━━━━━ MATERIAL PROVIDED ━━━━━

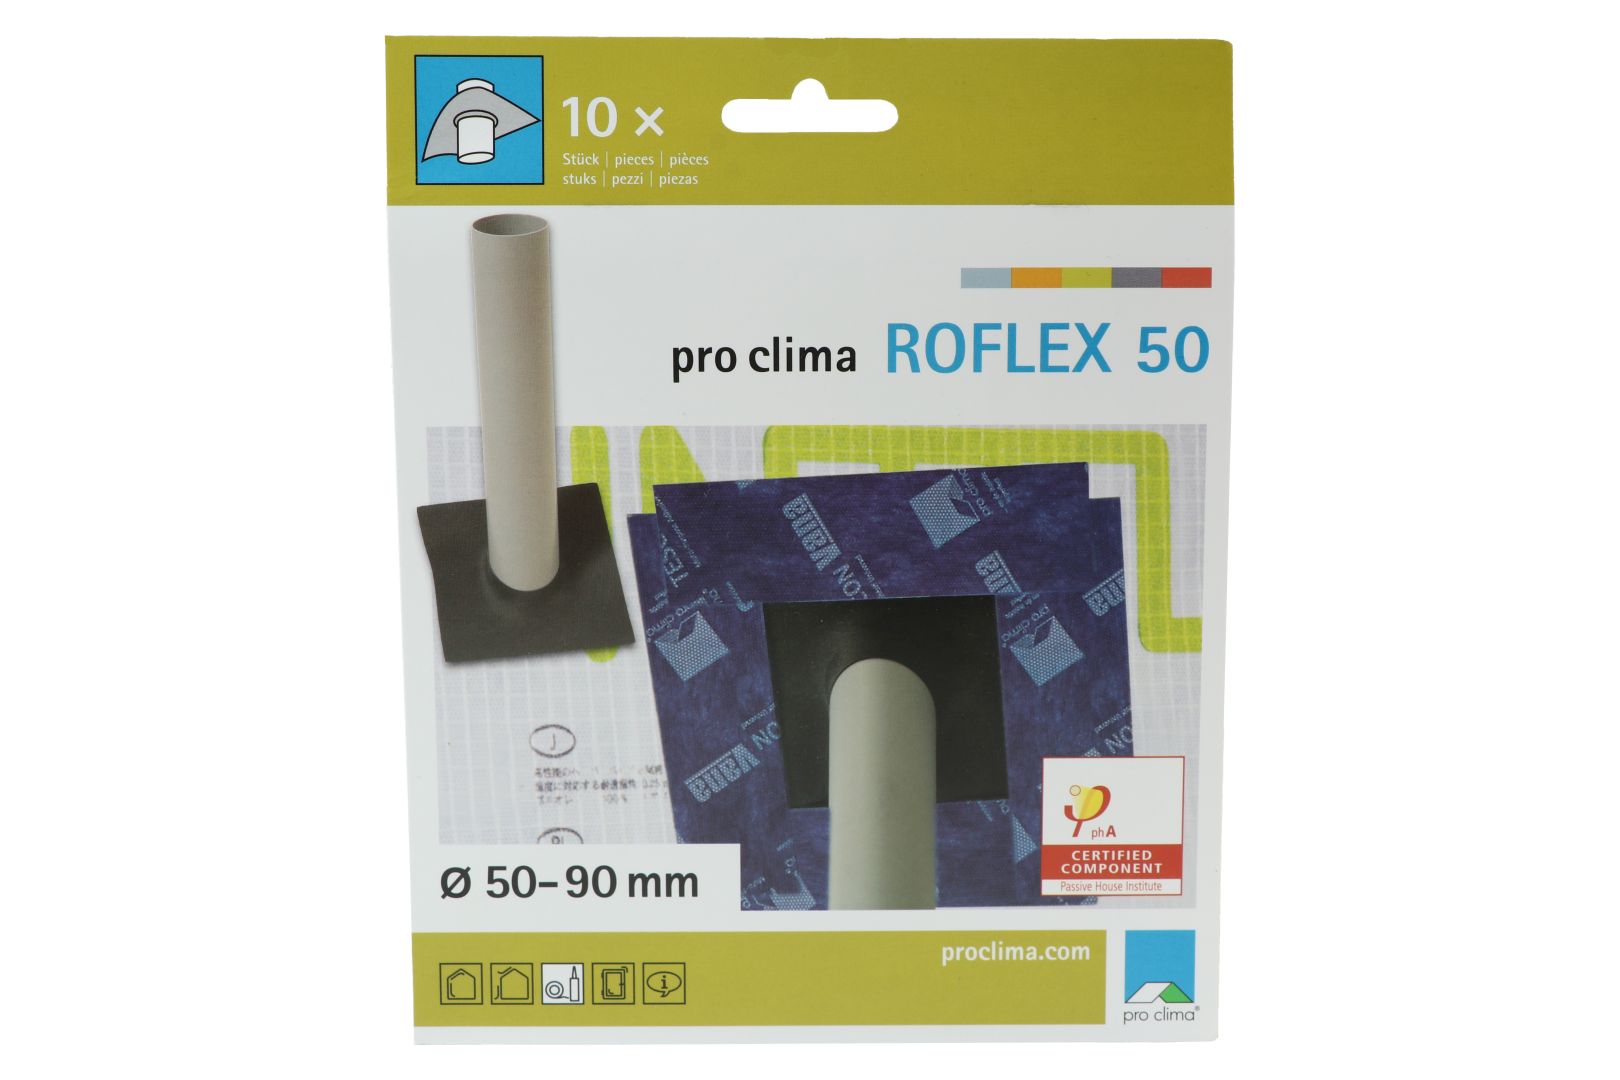 pro clima ROFLEX 50 Rohr-Manschette, 145 x 145 mm, für Rohre mit Ø 50 - 90 mm, 10-er Pack
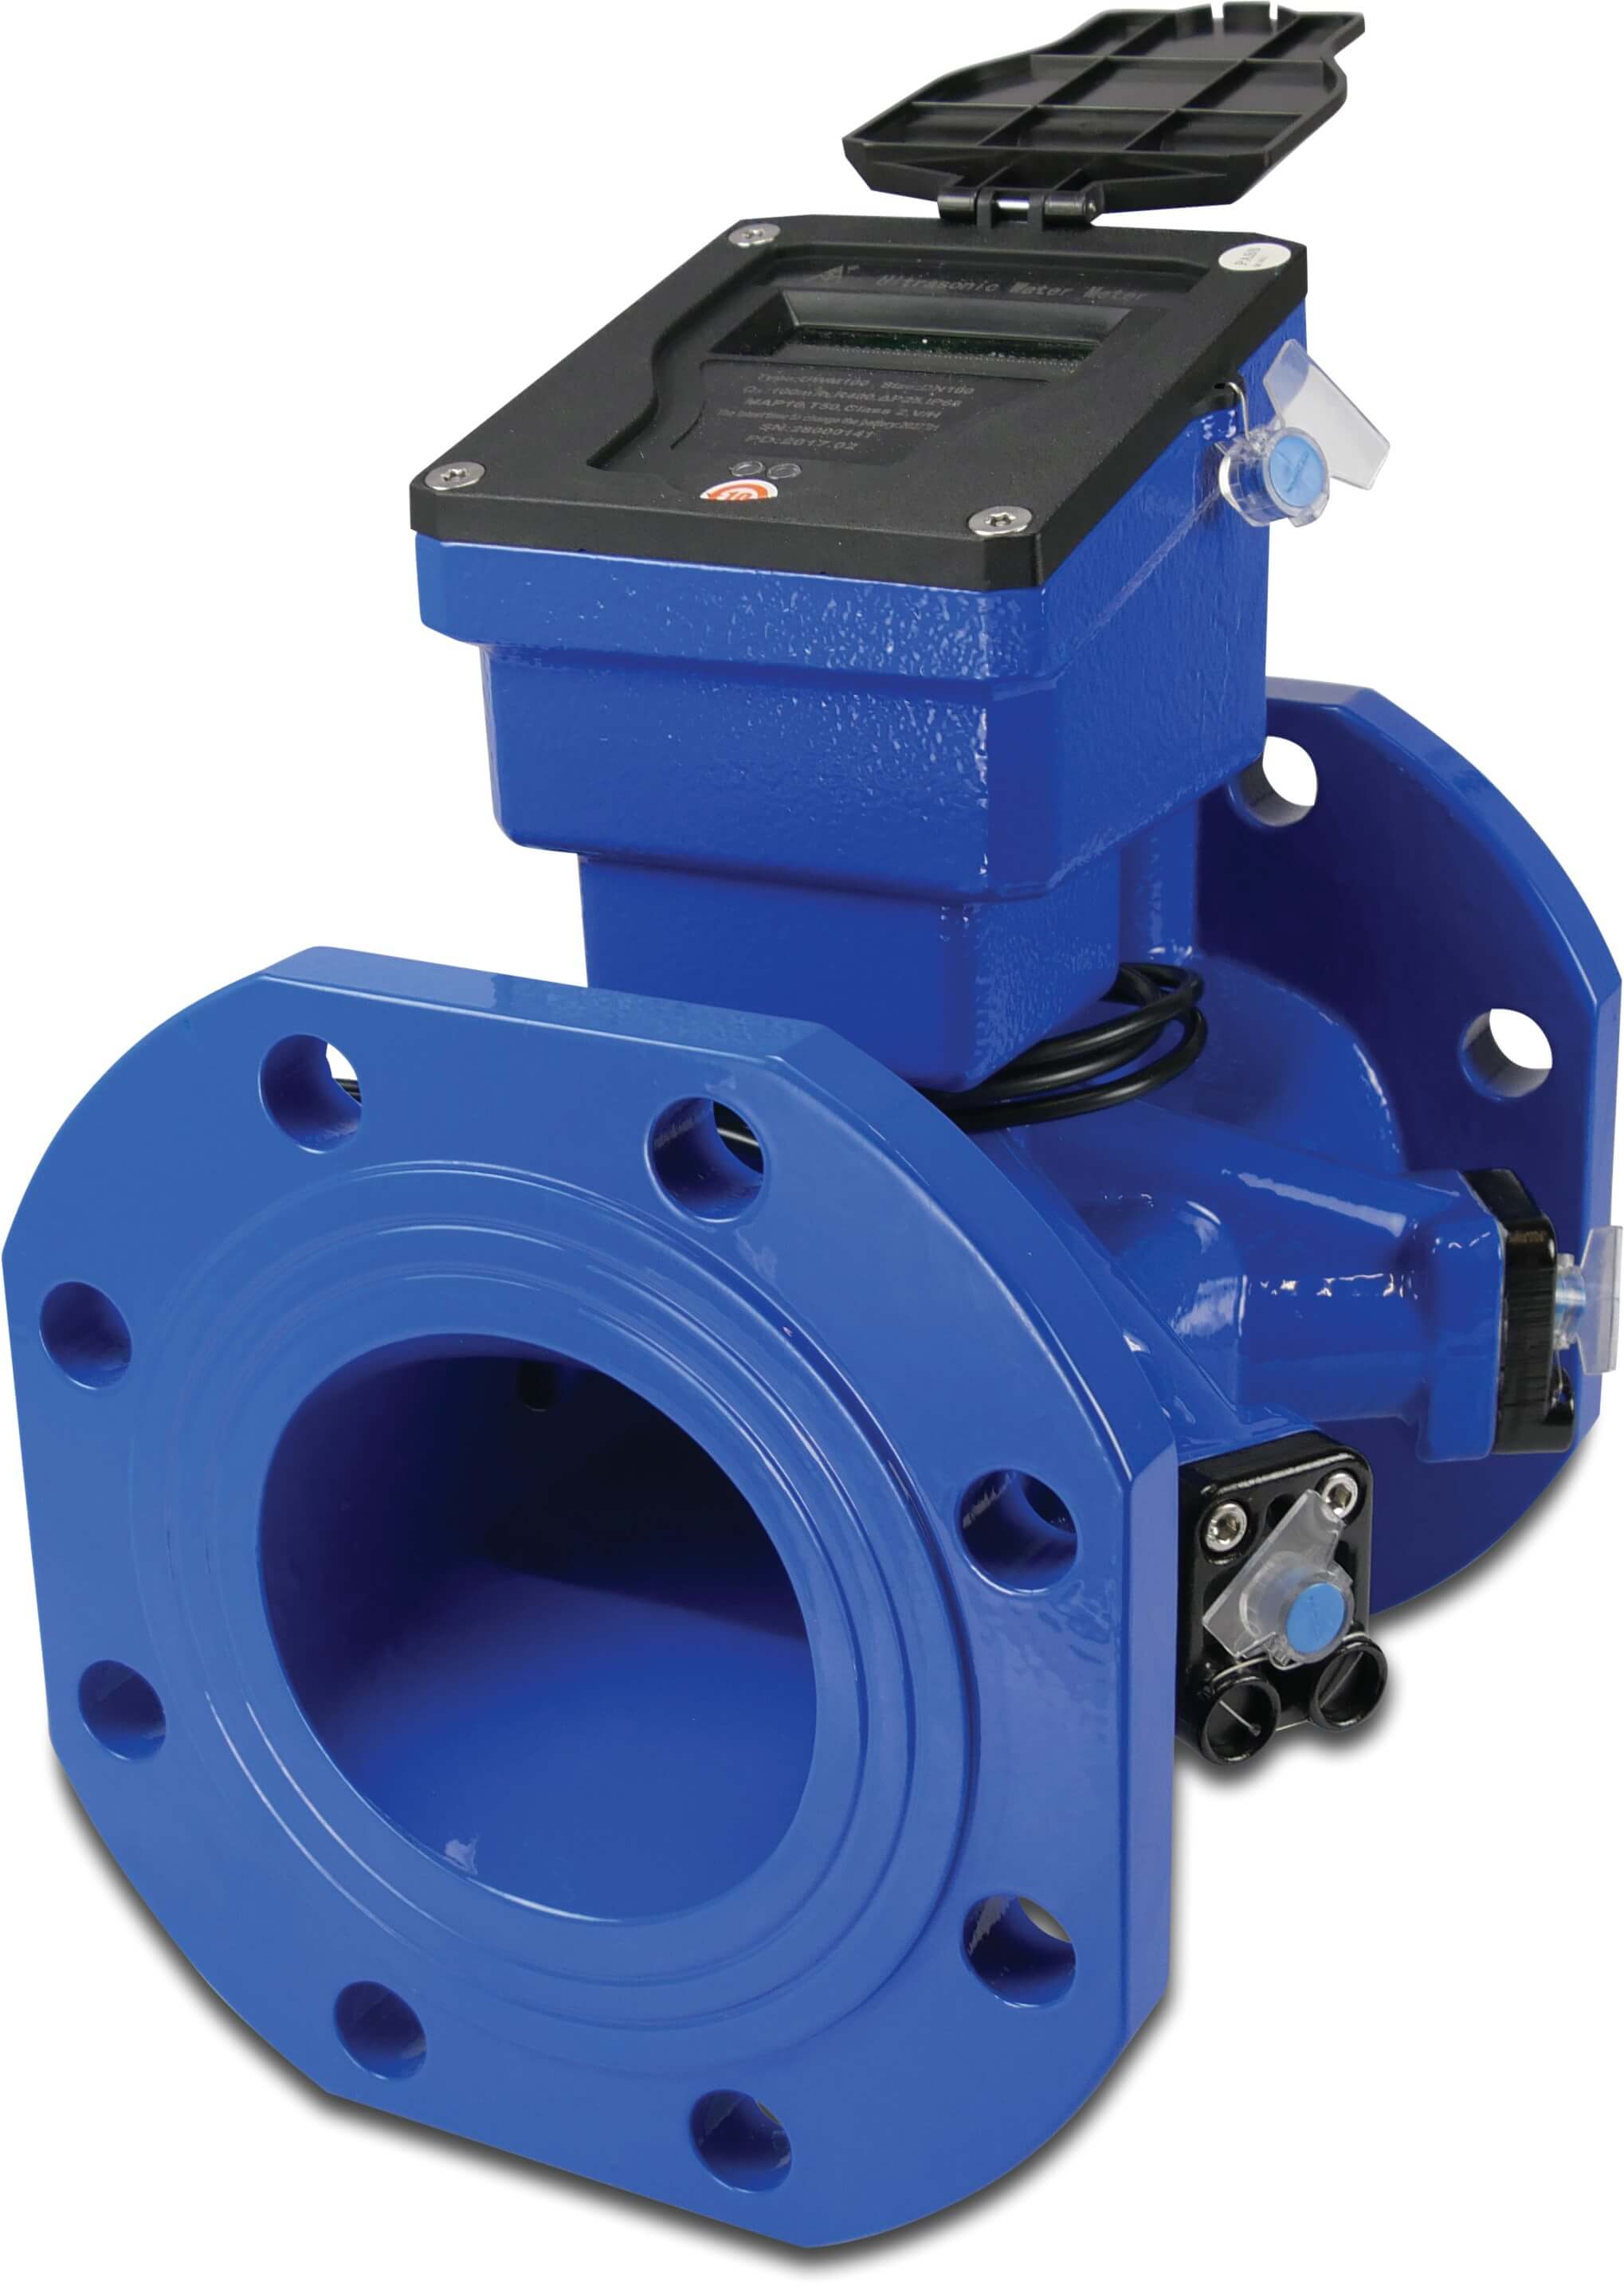 Profec Water meter cast iron DN65 DIN flange 16bar 40m³/h blue type Class 2
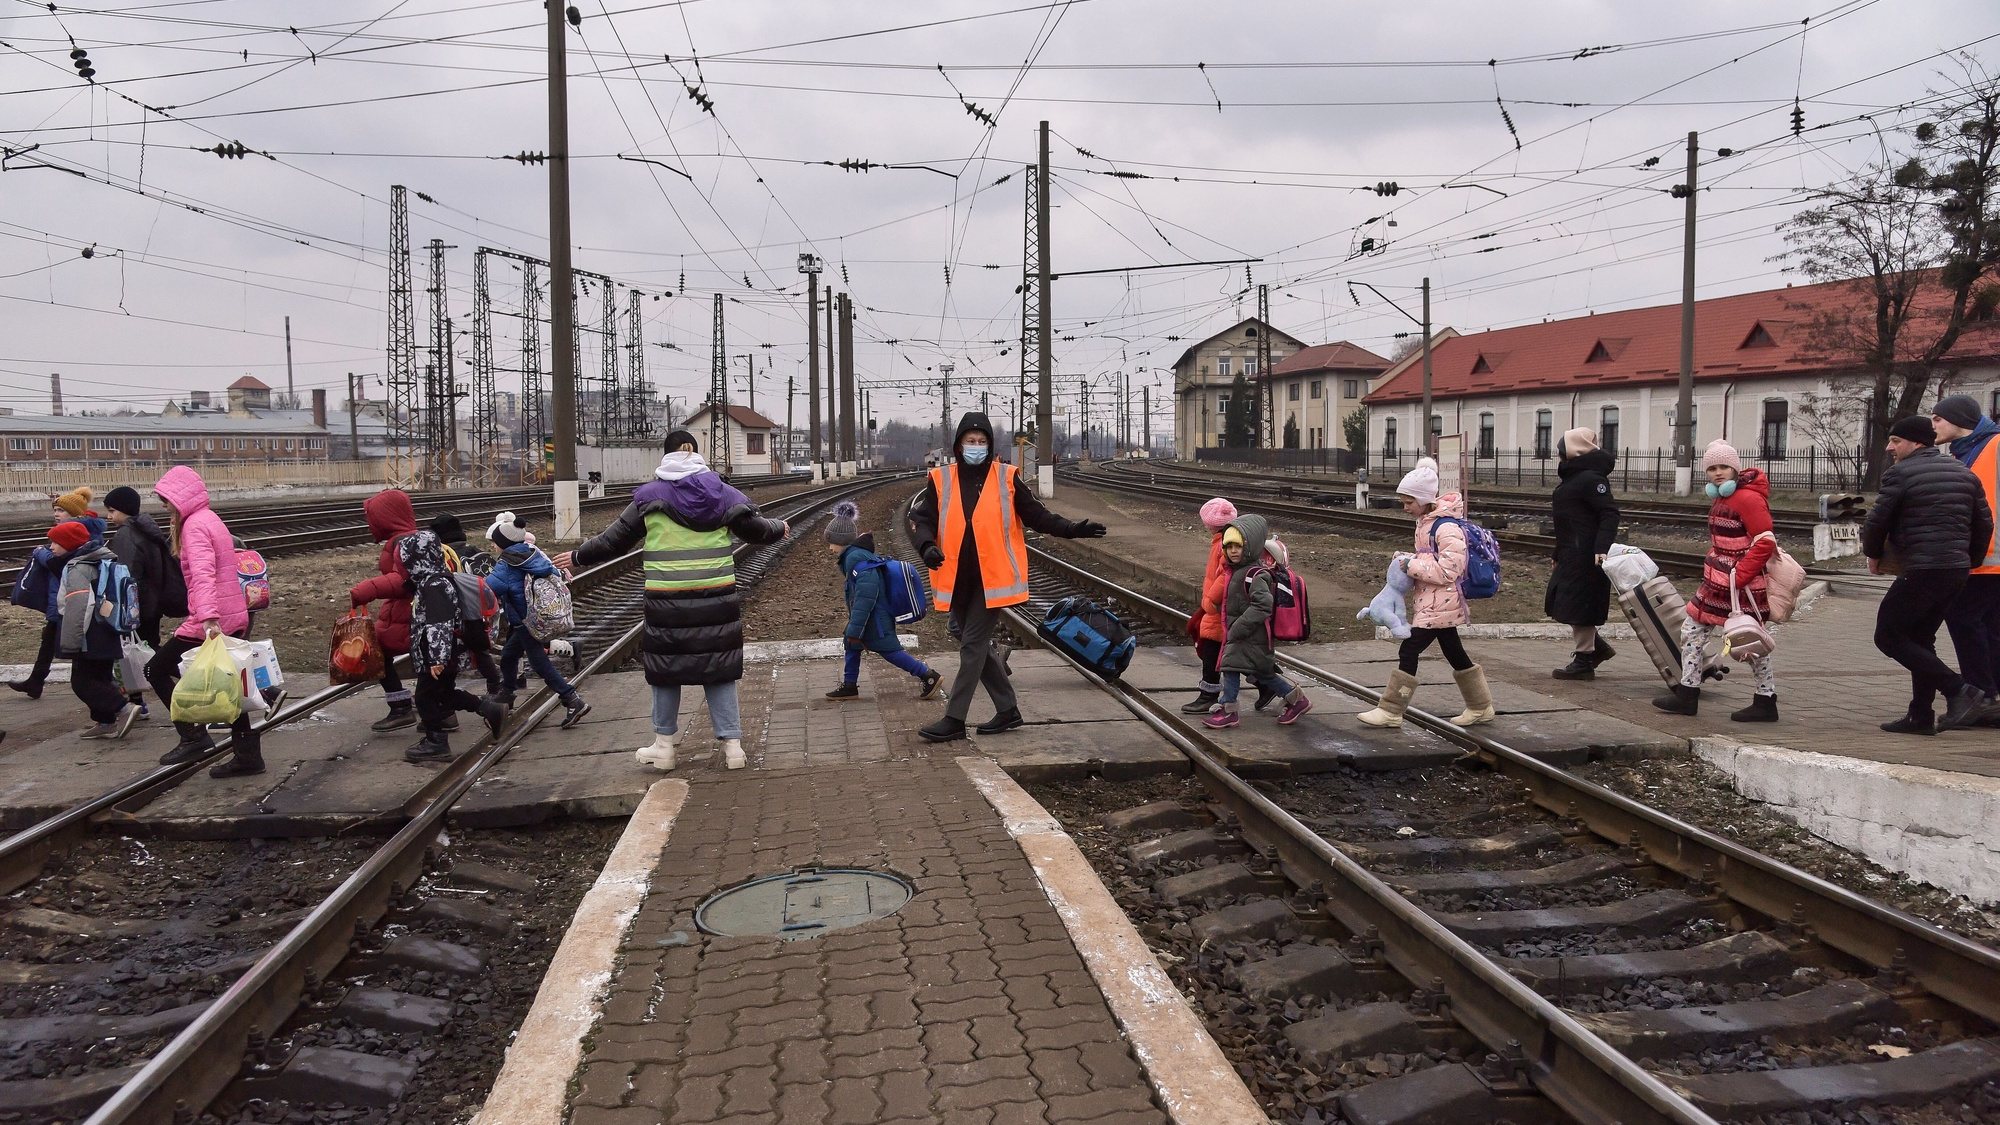 Crianças do orfanato de Hulaipole numa estação de comboio em Lviv, na Ucrânia. 7 de março de 2022

━━━━━

◆ WHAT THE TASK REQUIRES
An exact copy of the listing above, minus its pictures, is what is needed here.

◆ EXERCISE RESULT
 pro clima ROFLEX 50 Rohr-Manschette, 145 x 145 mm, für Rohre mit Ø 50 - 90 mm, 10-er Pack
 Profec Water meter cast iron DN65 DIN flange 16bar 40m³/h blue type Class 2
 Crianças do orfanato de Hulaipole numa estação de comboio em Lviv, na Ucrânia. 7 de março de 2022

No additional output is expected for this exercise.